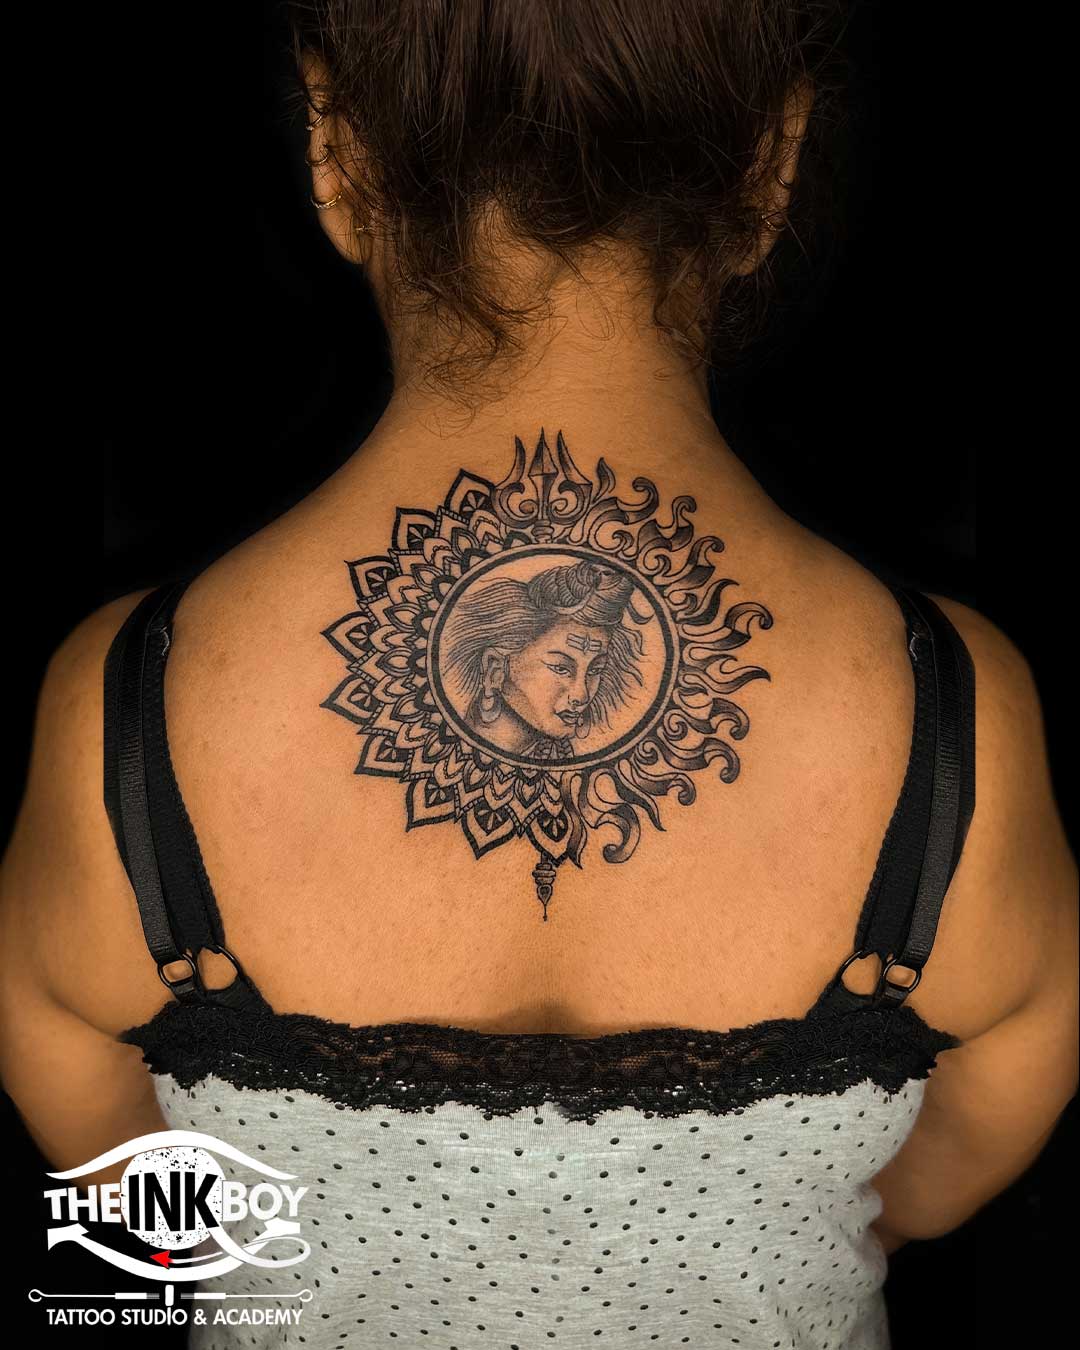 Neck tattoo | Neck tattoo, Tattoos, Hand tattoos
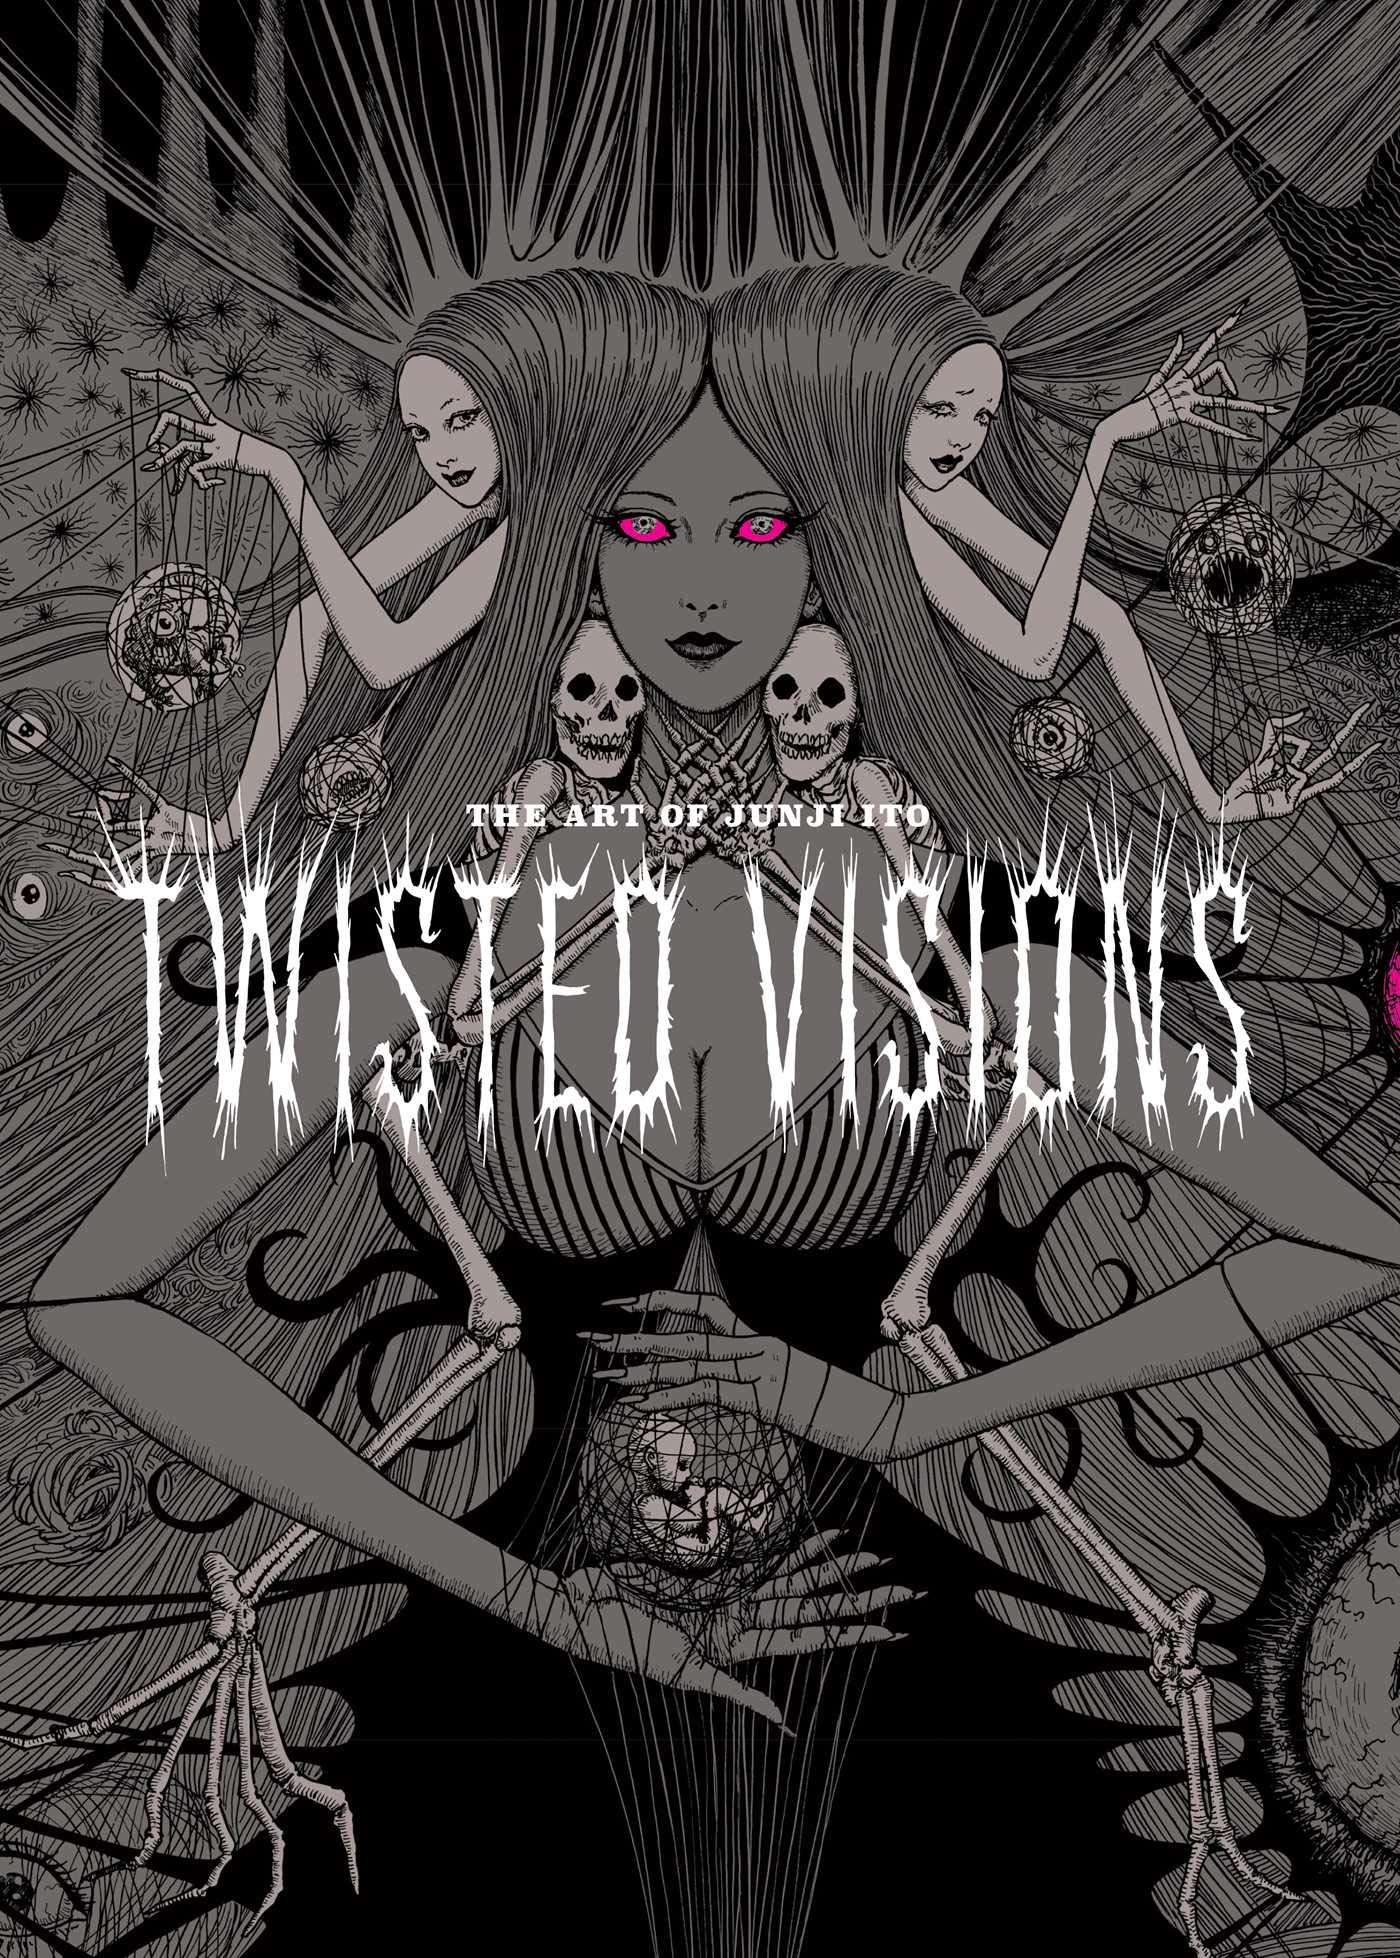 Twisted Vision: The Art of Junji Ito | Junji Ito
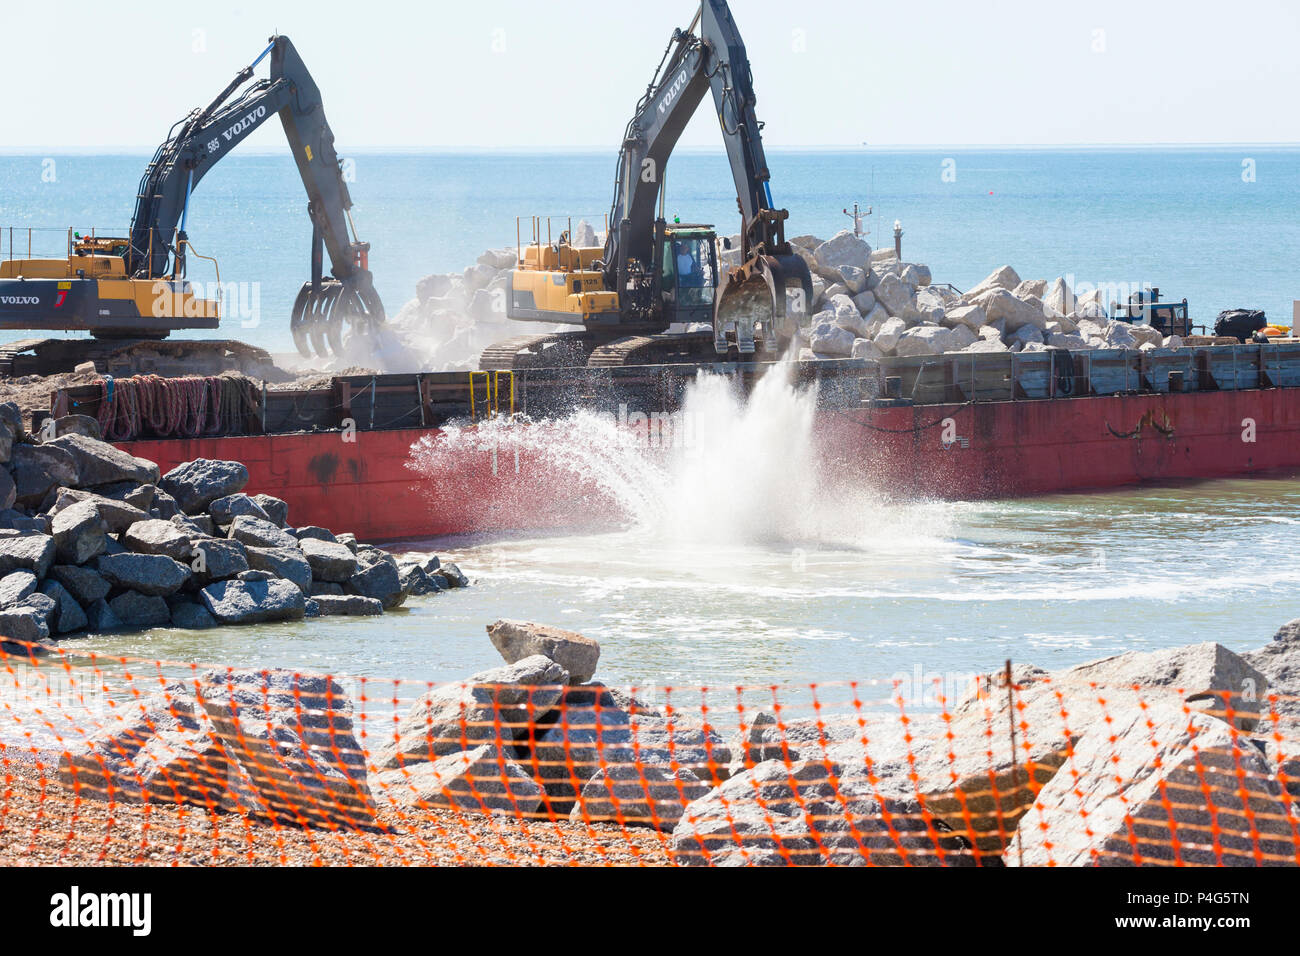 Hastings, East Sussex, Großbritannien. Juni 2018. Der Bau von zwei neuen Wellenbrecher-Felsgroyns an der Küste ist im Gange, um den Strand an seinem Platz zu halten und die Meeresmauer zu schützen. Der Auftrag für die Arbeiten wurde von J. T. Mackley Ltd, einem erfahrenen Bauunternehmer an der Küste, gewonnen. 5,000 Tonnen norwegisches Granitgestein werden auf dem Seeweg geliefert, es wird erwartet, dass die Arbeiten je nach Wetterlage 10 Wochen dauern werden. © Paul Lawrenson 2018, Bildnachweis: Paul Lawrenson / Alamy Live News Stockfoto
◇ ◇ ◇
Task brief:
Every line in the data above needs to be given again exactly, pictures aside.

Written answer:
 Neck tattoo | Neck tattoo, Tattoos, Hand tattoos
 Twisted Vision: The Art of Junji Ito | Junji Ito
 Hastings, East Sussex, Großbritannien. Juni 2018. Der Bau von zwei neuen Wellenbrecher-Felsgroyns an der Küste ist im Gange, um den Strand an seinem Platz zu halten und die Meeresmauer zu schützen. Der Auftrag für die Arbeiten wurde von J. T. Mackley Ltd, einem erfahrenen Bauunternehmer an der Küste, gewonnen. 5,000 Tonnen norwegisches Granitgestein werden auf dem Seeweg geliefert, es wird erwartet, dass die Arbeiten je nach Wetterlage 10 Wochen dauern werden. © Paul Lawrenson 2018, Bildnachweis: Paul Lawrenson / Alamy Live News Stockfoto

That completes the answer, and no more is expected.